Сангор — человек Ярослава, находившийся в ставке Батыя, несомненно, тождествен «Ярославлю человеку Сънъгурови», упомянутому галицким летописцем в рассказе о поездке к Батыю Даниила Романовича[620]. Плано Карпини прямо указывает на его половецкое (comanus) происхождение. Тюркским считается имя еще одного связанного с Ярославом лица — Cocceleban[621].
Определенную загадку представляло имя, в переводе А. И. Малеина звучащее как «Дубарлай». Подобный русский антропоним неизвестен, и можно было бы предполагать либо тюркизм, либо некое нелицеприятное прозвище, принятое францисканцами за имя[622]. Но дело в том, что ни в одном из трех списков пространной редакции «Истории монголов» «Дубарлая» нет. В них присутствует чтение Dubazlaus[623]. Ошибка возникла из-за того, что в издании М. д'Авезака вместо z было напечатано r[624] (по причине сходства написания этих букв в Лейденском списке). Dubazlaus же — это славянское имя с элементом — слав: аналогично Ярослав передается Плано Карпини как Ierozlaus. Поскольку имя «Дубослав» источниками не зафиксировано, очень вероятно, что перед нами искаженное Доброслав[625]. Персонаж с таким именем известен в ту же эпоху. Это галицкий боярин Доброслав Судьич, в 1241 г. вызвавший гнев князя Даниила Романовича и «изоиманный» по его приказу[626].

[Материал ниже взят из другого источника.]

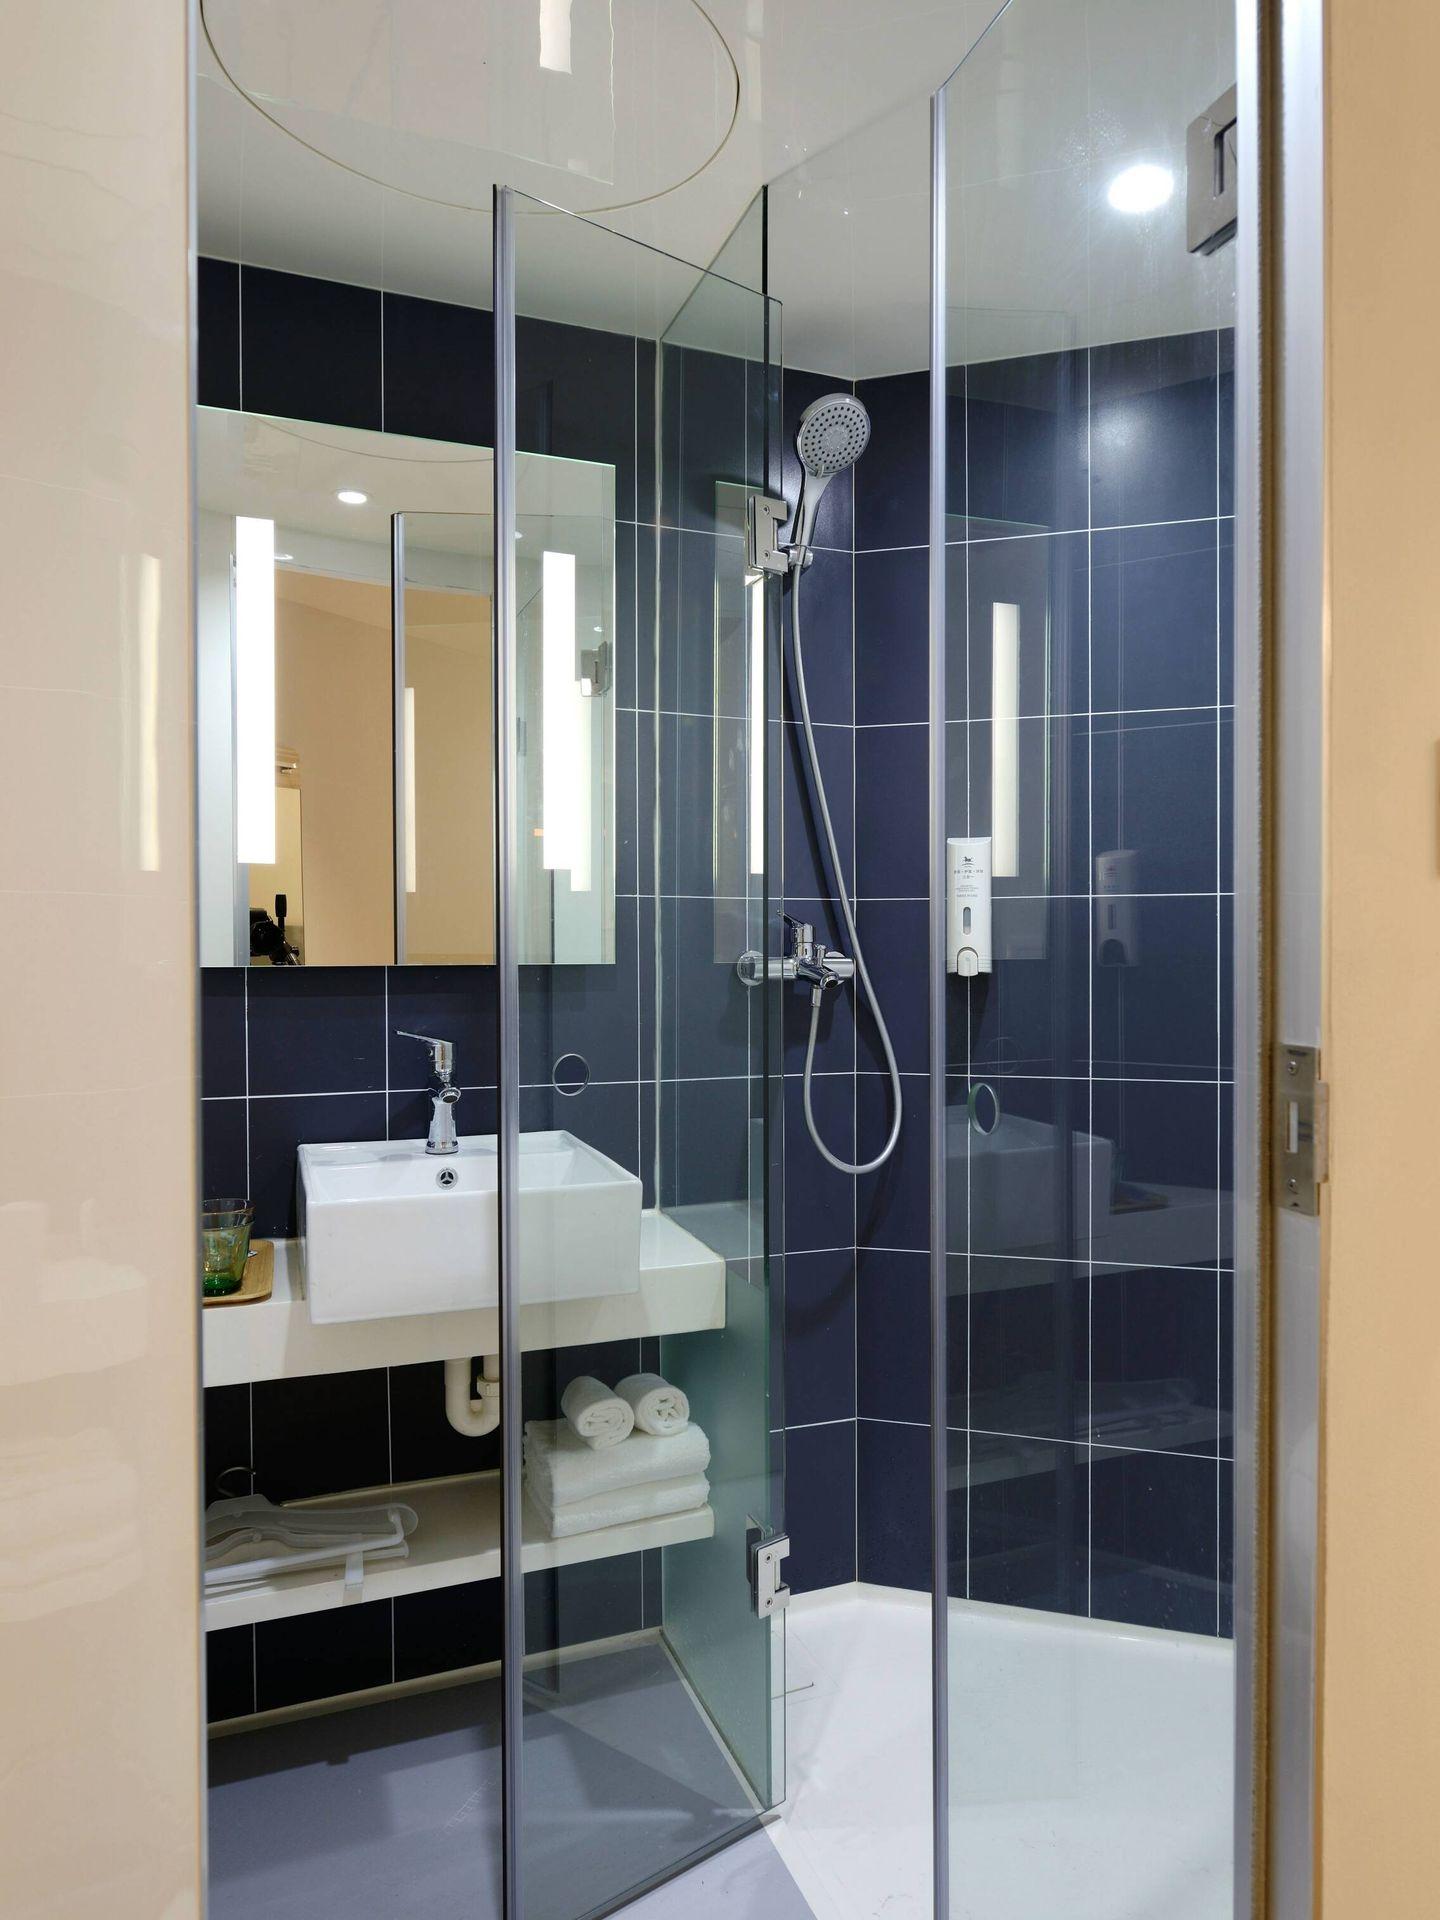 Claves para limpiar baños y azulejos. (Pixabay para Pexels)

Еще один человек Ярослава, отправленный к нему женой и Батыем, в переводе А. И. Малеина фигурирует как Угней. Такое имя может произвести впечатление очередного тюркизма[627], но в текстовой реальности его не существует. В Лейденском списке читается Ligneum[628]: в издании М. д'Авезака сочетание букв Li из-за слитного написания было принято за U[629]. Но при этом Ligneum — чтение неверное: в Кембриджском и Вольфенбюттельском списках — Coligneum[630] (т. е. в Лейденском списке произошел пропуск слога). А Coligneum (в им. п. Coligneus) — это, вероятнее всего, славянское имя с элементом — гнев[631]: Коли(?)гнев.

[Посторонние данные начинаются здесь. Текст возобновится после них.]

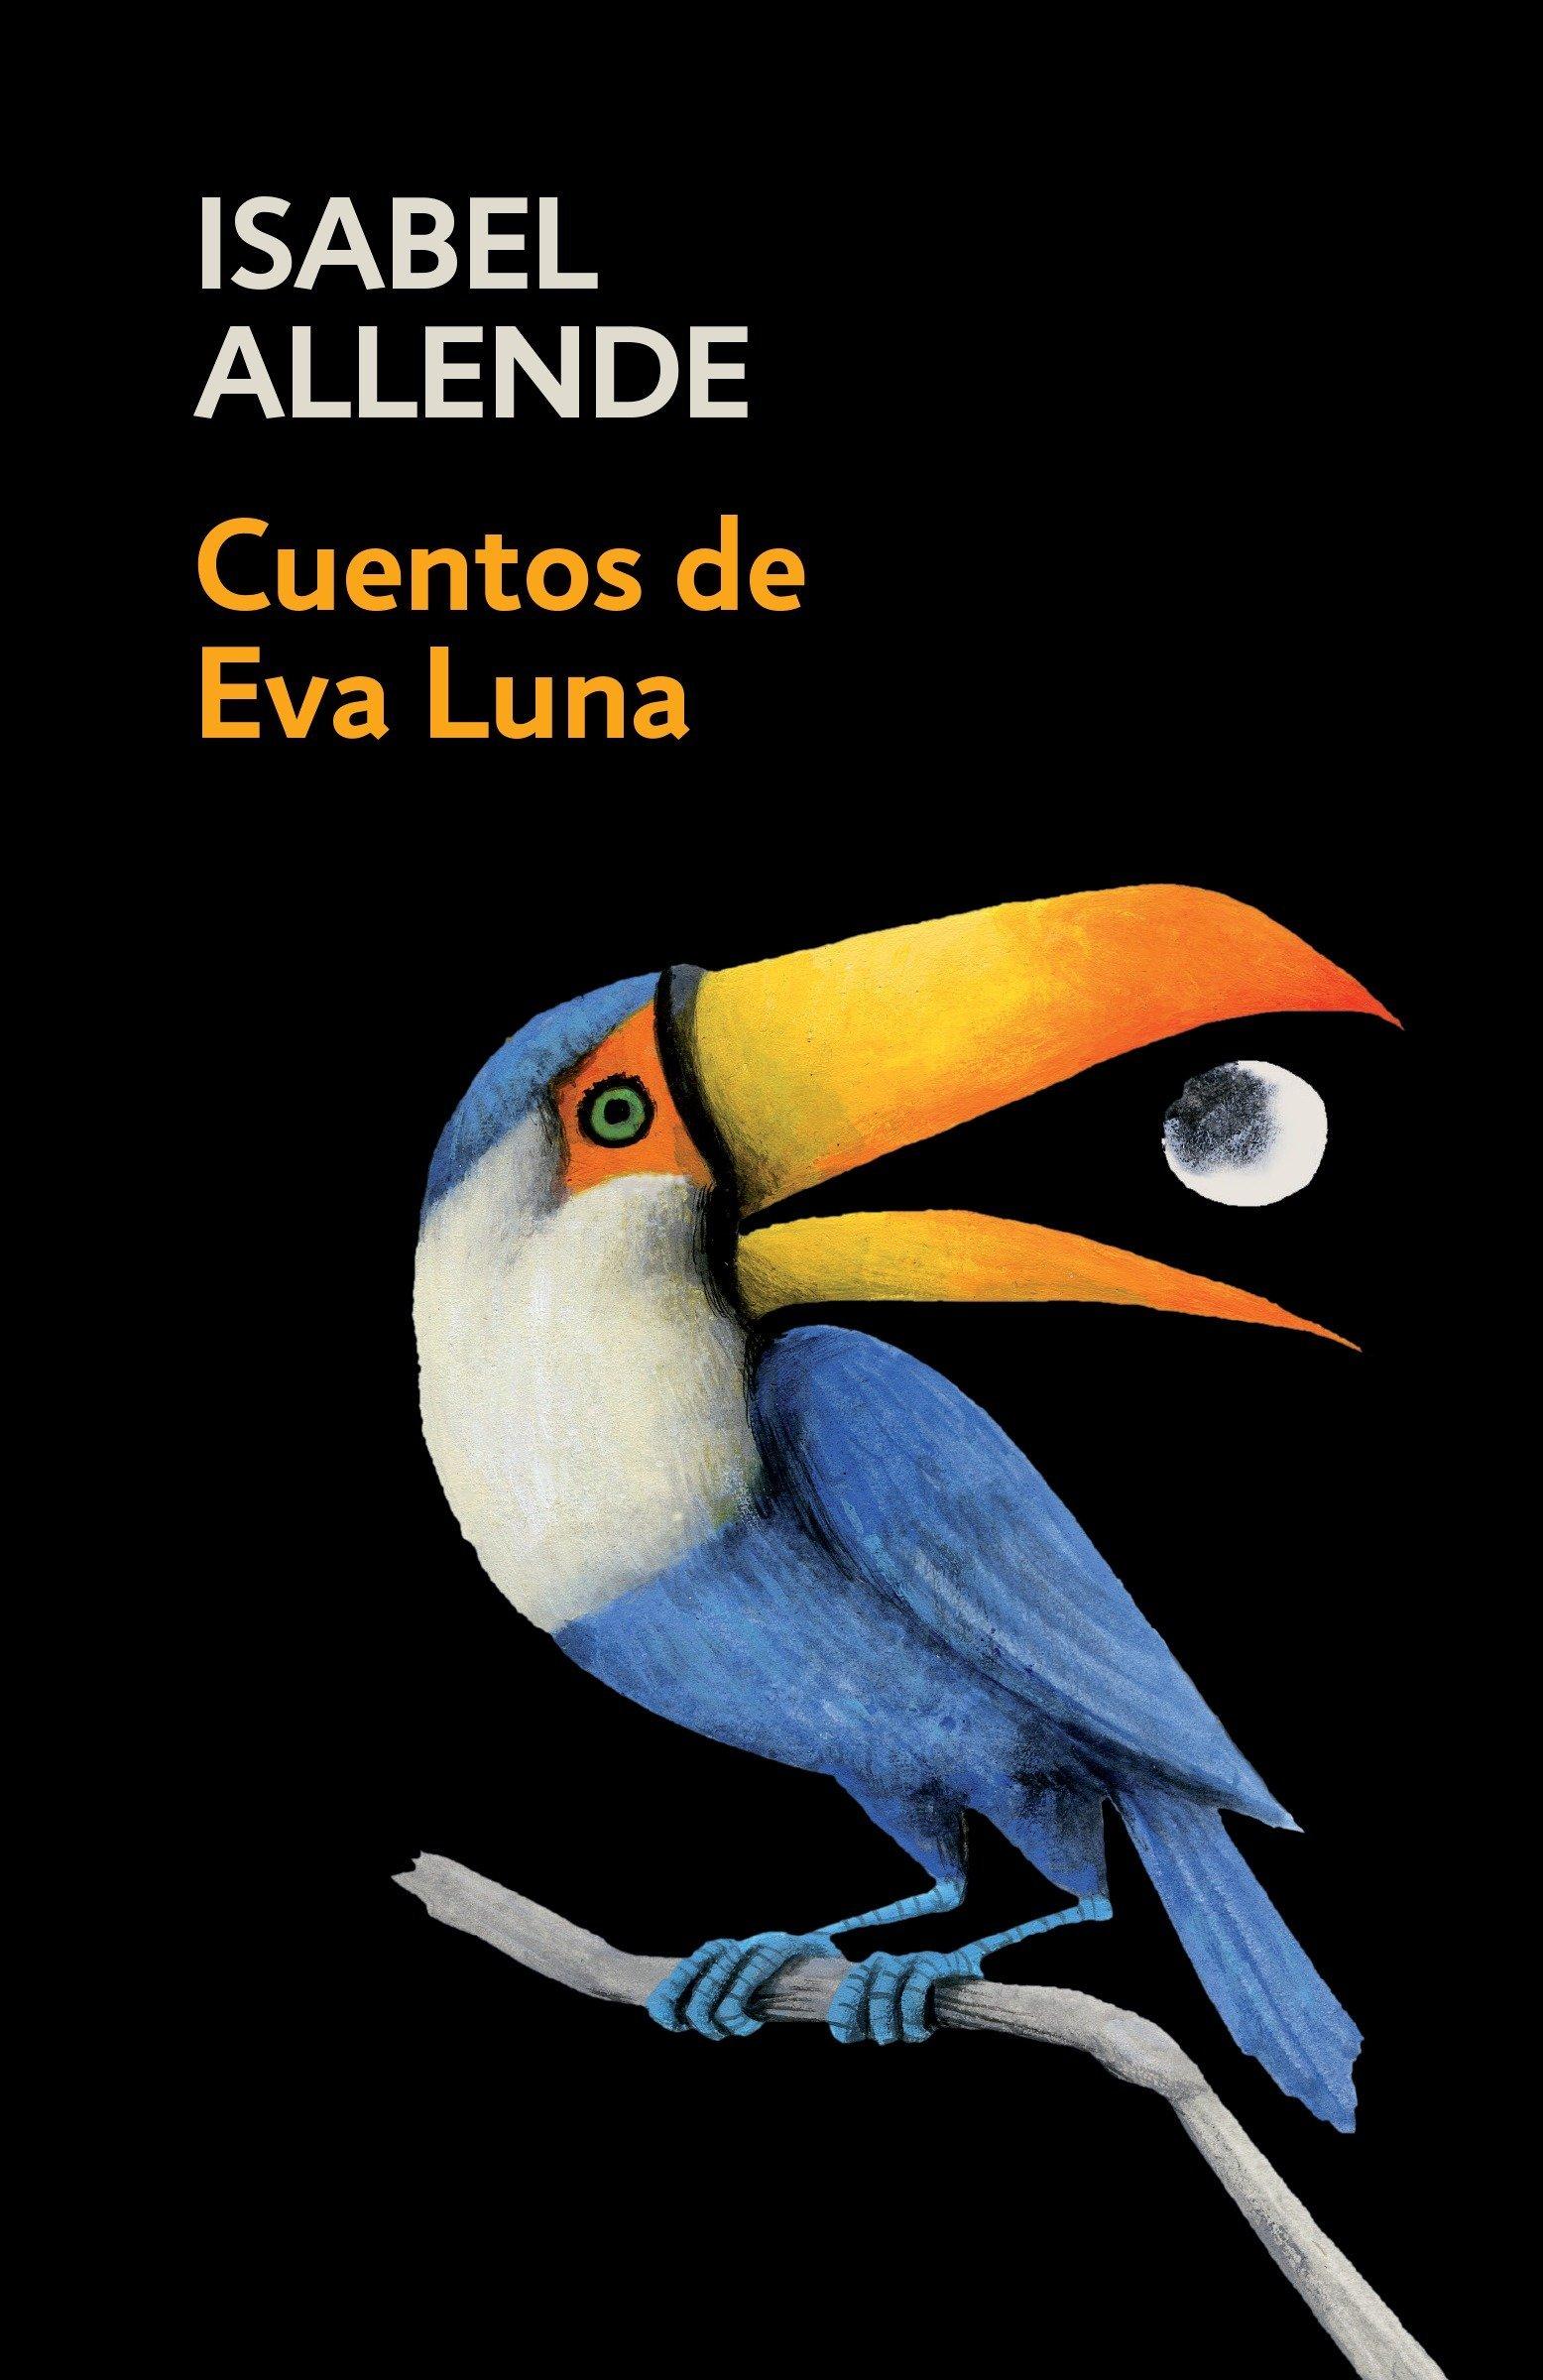 Cuentos de Eva Luna: Spanish-language edition of The Stories of Eva Luna (Spanish Edition)

Как еще одна загадка в отечественной историографии рассматривалось имя «киевского сотника» — «Монгрот». Комментаторы обычно отмечали отсутствие подобного имени среди древнерусских[632]. Было также высказано мнение, что в данном случае перед нами принятое Плано Карпини за имя тюркское название Киева — Манкерман[633]. Однако Mongrot — это ошибочное чтение Лейденского списка. В Кембриджском списке — Nongrot, в Вольфенбюттельском — Nongreth. Такое имя также не поддается интерпретации, поэтому вероятной является конъектура, предложенная П. Пелльо (и принятая в издании Э. Менесто) — Hongrot. В этом случае перед нами имя, соответствующее монгольскому родоплеменному названию конграт / хонкират[634].

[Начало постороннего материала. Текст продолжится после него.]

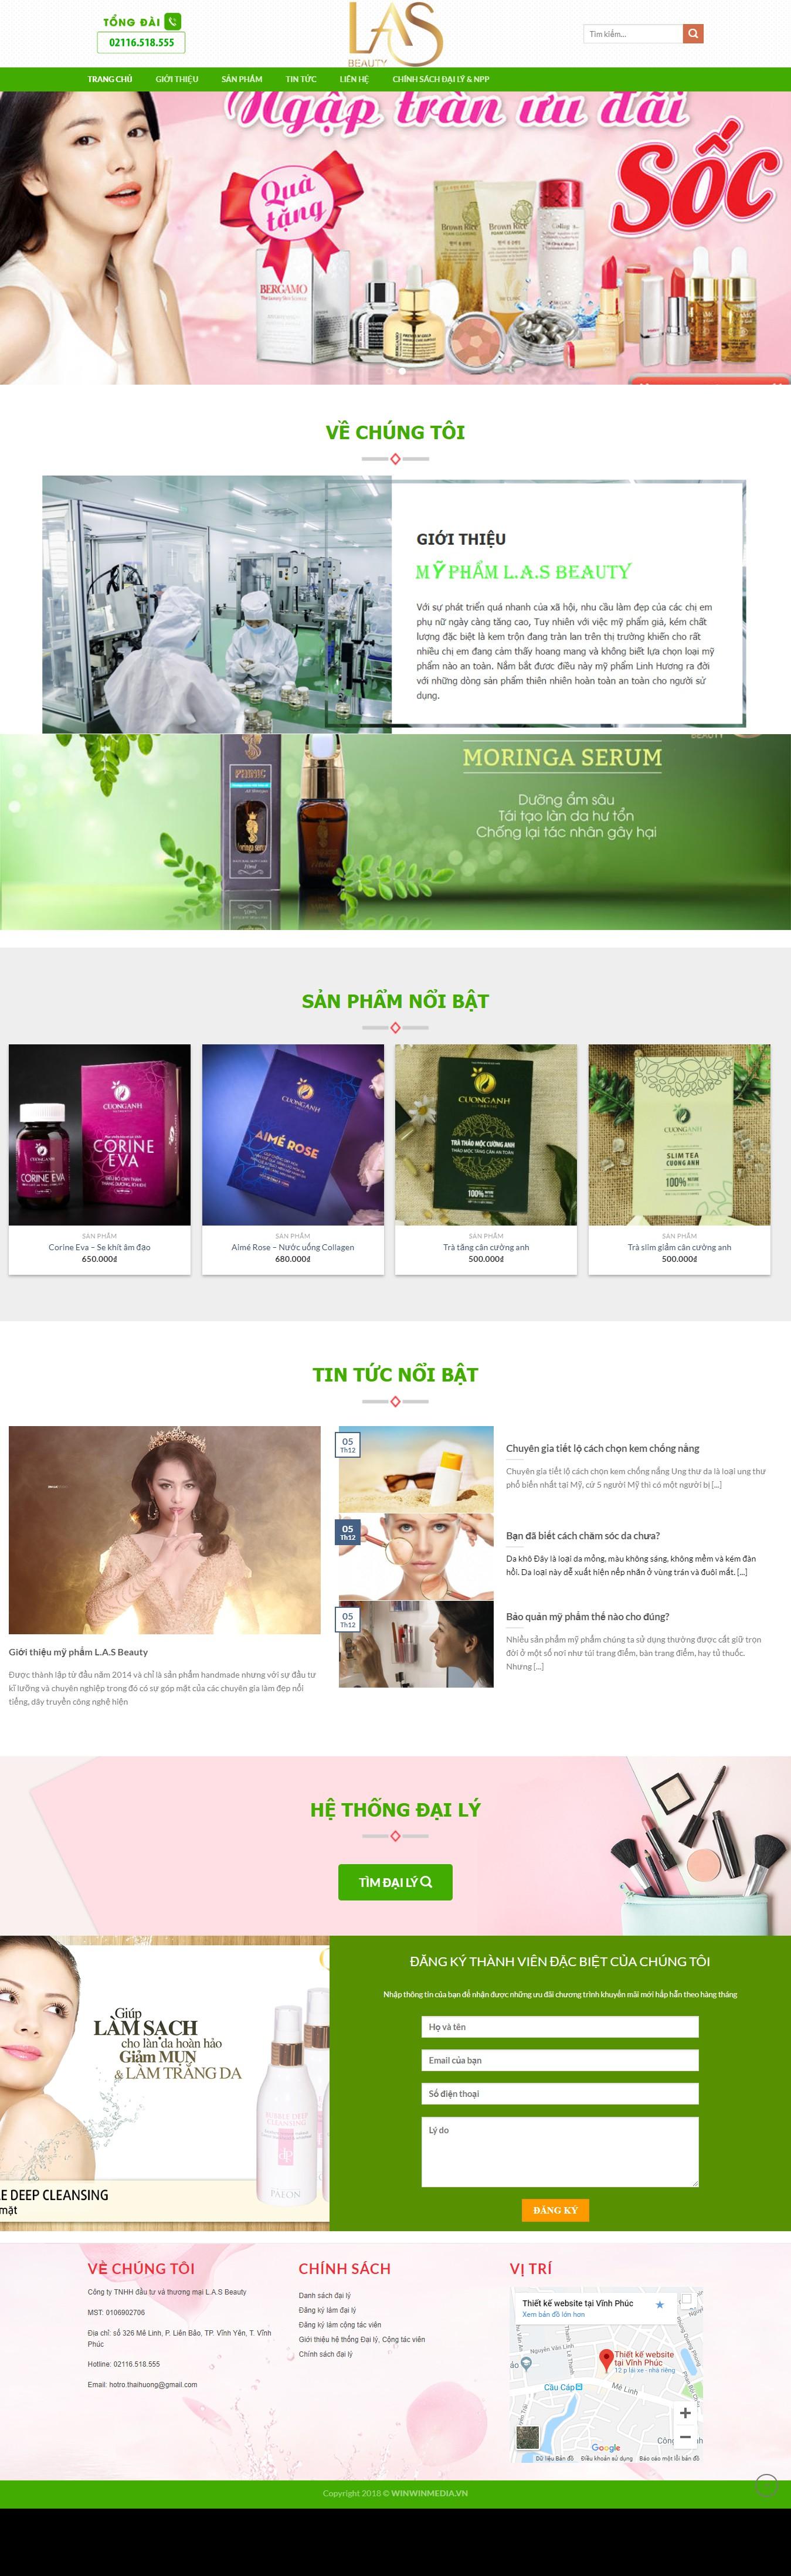 Mẫu website giới thiệu của hàng mỹ phẩm

Но если данное лицо являлось монголом, встает вопрос, почему Хонгрот определен как киевский сотник[635]. Из текста следует, что он пребывал не в Киеве, а в улусе Куремсы — ближайшей к Киеву монгольской административной единице. Рассказывая выше в гл. 9 о пребывании у Куремсы, Плано Карпини пишет, что там «нам дали лошадей и трех татар, которые были десятниками, а один — человек Бату», которые сопровождали францисканцев до ставки Батыя[636]. В перечне же свидетелей как спутники францисканцев по пути от Куремсы к Батыю называются сотник Хонгрот и его товарищи. Очевидно, что речь идет об одних и тех же лицах: десятники подчинены сотнику, который и есть «человек Бату». Таким образом, киевский сотник находился в ближайшем к Киеву степном улусе и был подчинен непосредственно Батыю. В связи с этими данными, уместно вспомнить вызвавшее серьезные споры в историографии летописное известие о монгольской переписи 1257 г. в Северо-Восточной Руси: «Тое же зимы приехаша численици, исщетоша всю землю Сужальскую, и Рязаньскую, и Мюромьскую, и ставиша десятники, и сотники, и тысящники, и темники, и идоша в Ворду»[637].
Историки разошлись во мнениях в отношении того, кем были упомянутые представители администрации — темники, тысячники, сотники и десятники: монголами[638] или русскими[639]. При этом практически все исходили из того, что эти лица действовали на Руси. Сведения Плано Карпини позволяют по-иному взглянуть на этот вопрос. В гл. 7 он прямо свидетельствует, что в Южной Руси монголы ко времени путешествия францисканцев уже провели перепись населения с целью упорядочить сбор дани[640]. Отсюда следует, что упомянутые Плано Карпини в гл. 9 имеющие отношение к Киеву сотники и десятники — это поставленные в ходе переписи монгольские чиновники, отвечающие за сбор дани. Но постоянно находились они не на Руси, а в ближайшей к Киевской земле монгольской административной единице (из которой можно было в короткий срок добраться до подведомственной территории для осуществления своих функций)[641]. Разумеется, сотник Хонгрот был не главным и не единственным чиновником, ответственным за Киев и его округу, а только одним из многих. Поскольку Плано Карпини и его спутники приехали к Куремсе из Киева, ему было приказано сопроводить их на дальнейшем пути.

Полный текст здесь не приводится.